Aprender outro idioma

Domine mais um idioma e decole mais alto – Aprender outro idioma

Quem tem boca vai à Roma, mas quem domina pelo menos mais um idioma vai a qualquer lugar.

A grande maioria das viagens exige que haja o mínimo de contato e comunicação com as pessoas durante o trajeto, sejam moradores locais ou outros viajantes de passagem. Para se deslocar, para encontrar as melhores hospedagens, para desfrutar dos melhores passeios e até para se alimentar bem é preciso perguntar, conhecer, trocar informações e, claro, se arriscar.

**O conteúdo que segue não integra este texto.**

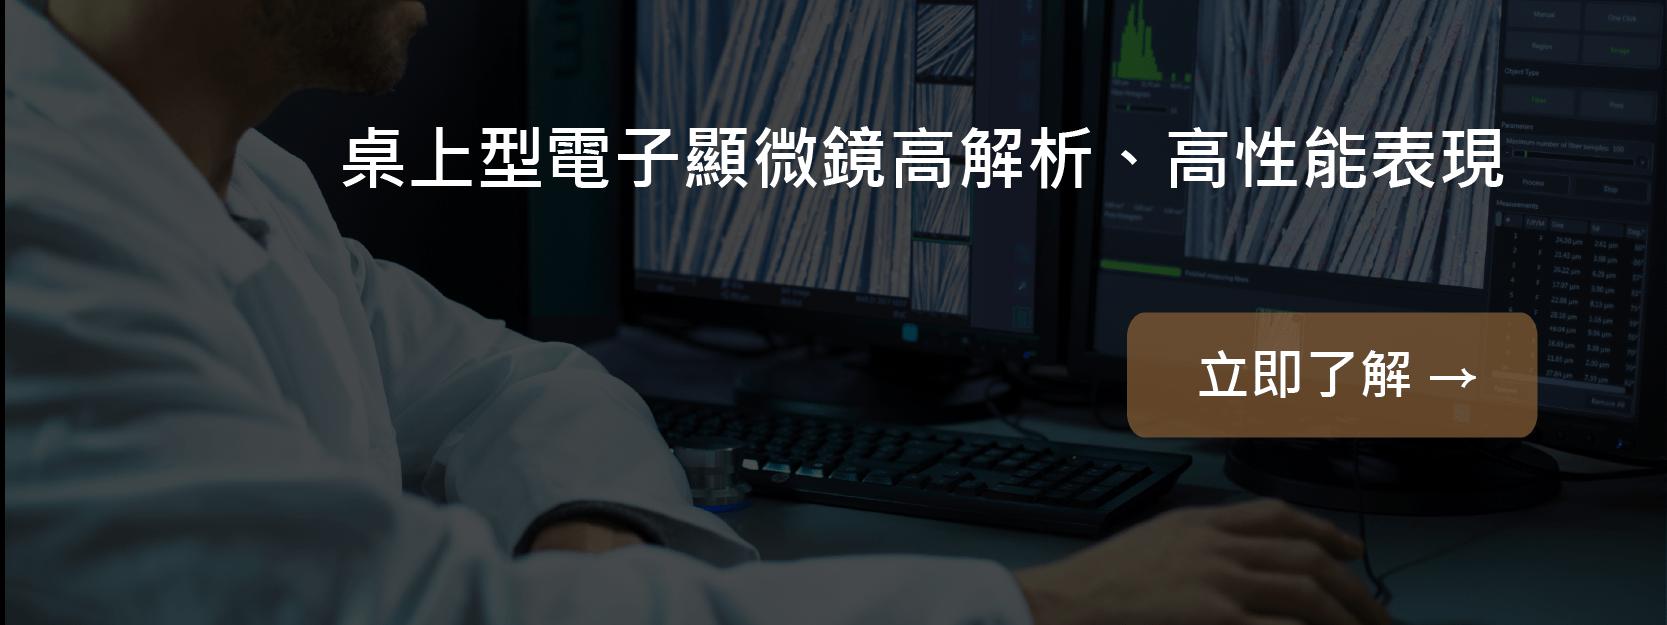 how-desktopSEM-high-resolution-image

Uma amiga fez um curso de mega hair e em paralelo um curso de idiomas e posteriormente foi embora para os EUA e ganhou a vida fazendo com isso após fazer o curso de alongamento de cabelos.

Mas tudo fica mais difícil quando, além de não dominar o idioma nativo, você também não domina inglês ou espanhol, duas das línguas mais faladas no globo. Em lugares onde há um fluxo constante de viajantes, especialmente de mochileiros, sempre é possível encontrar uma concentração de pessoas de todas as partes do mundo – e, claro, falantes dos mais variados dialetos. Com certeza, alguma dessas pessoas vai saber falar fluentemente inglês ou espanhol e, se você souber também e estiver com problemas, ela poderá te ajudar com muito mais facilidade.

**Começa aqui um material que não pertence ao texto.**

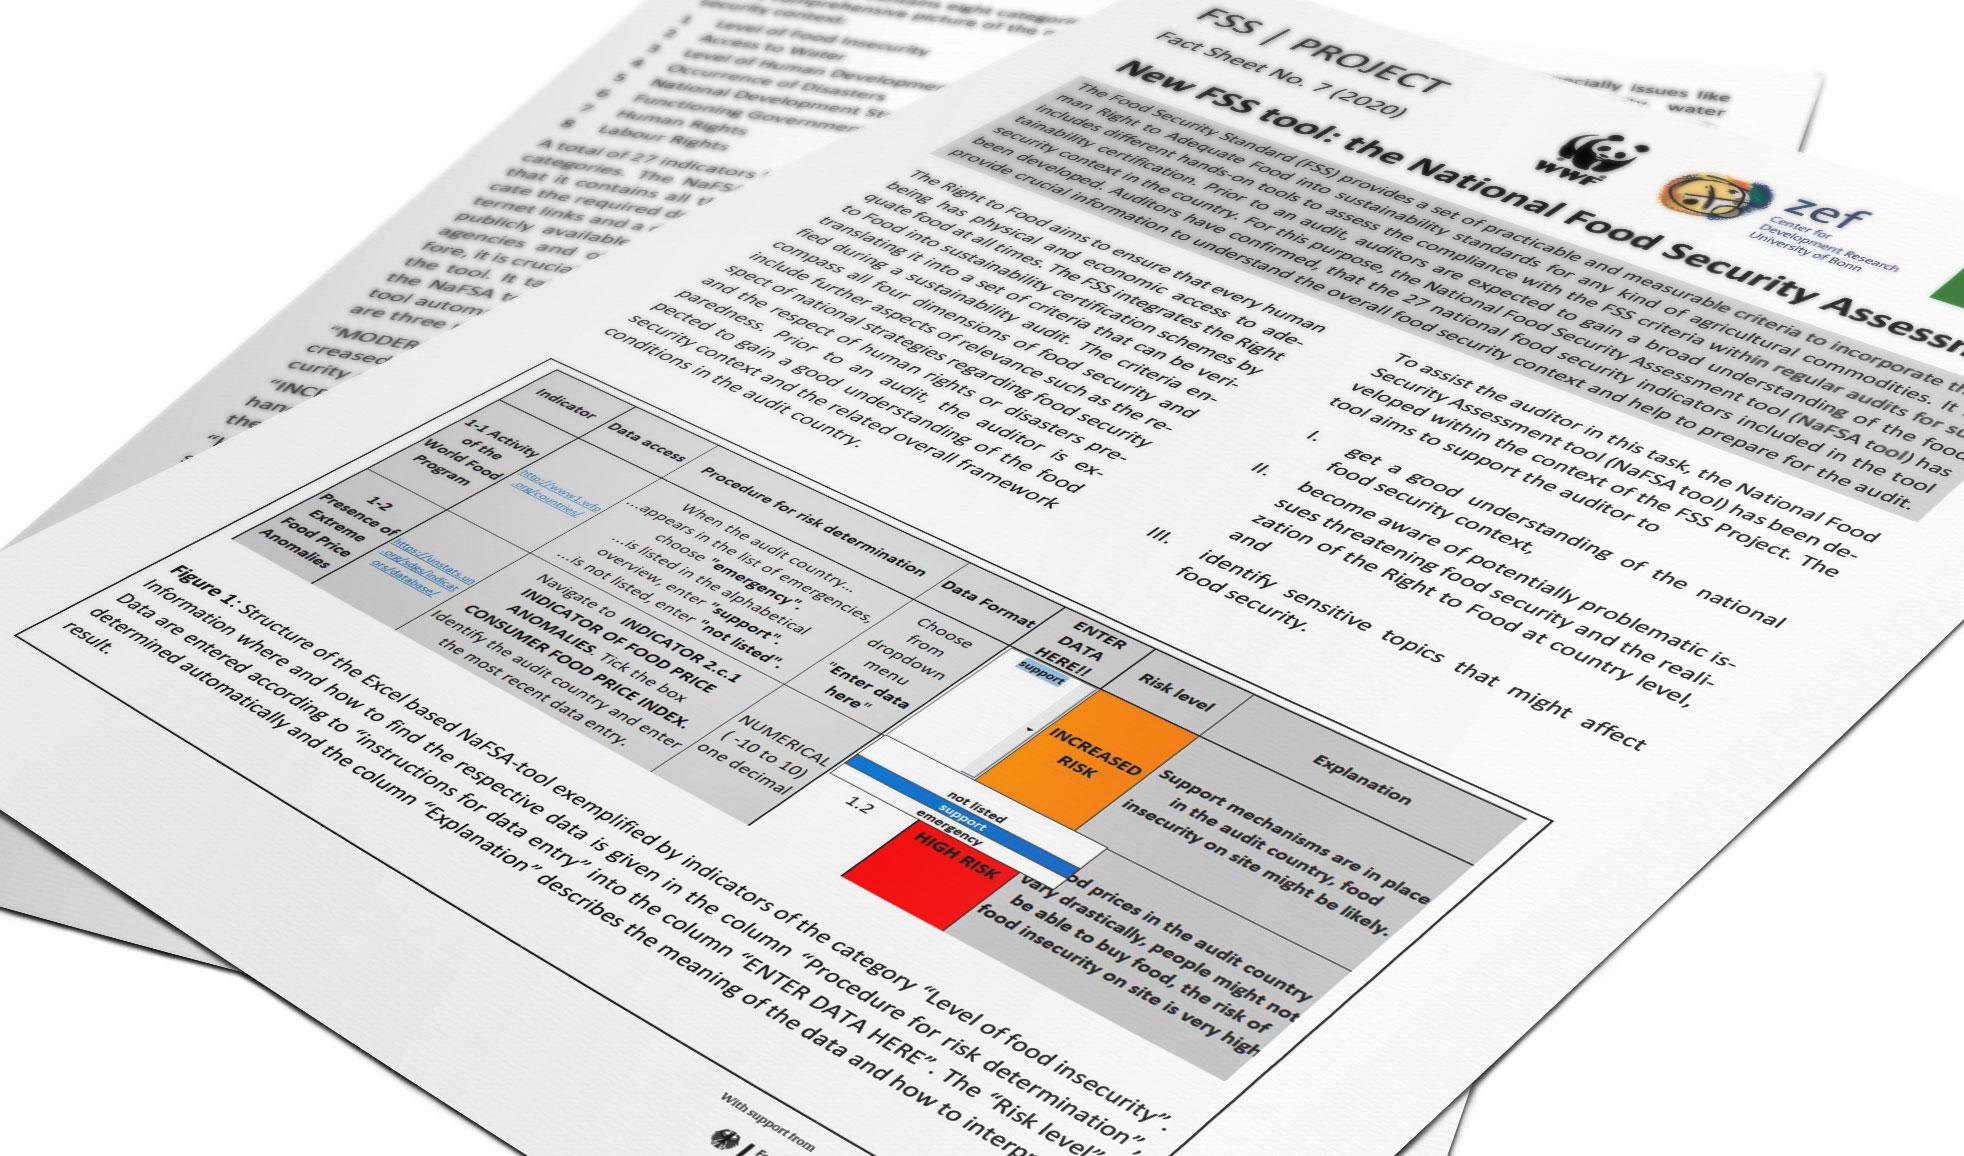 2020-fact-sheet-7-National-Food-Security-Assessment-Tool-teaser

Por isso, selecionamos as principais razões pelas quais dominar um idioma além do português vai tornar a sua viagem muito mais agradável, segura e enriquecedora.

amigos no mundo
Amigos no Mundo

1 – Você vai saber onde e no que está gastando

Para começar, já temos um motivo e tanto. Todo mundo que já viajou pelo menos uma vez na vida com o dinheiro contado sabe a importância de economizar e manter sempre aquela reserva mínima para o caso de imprevistos.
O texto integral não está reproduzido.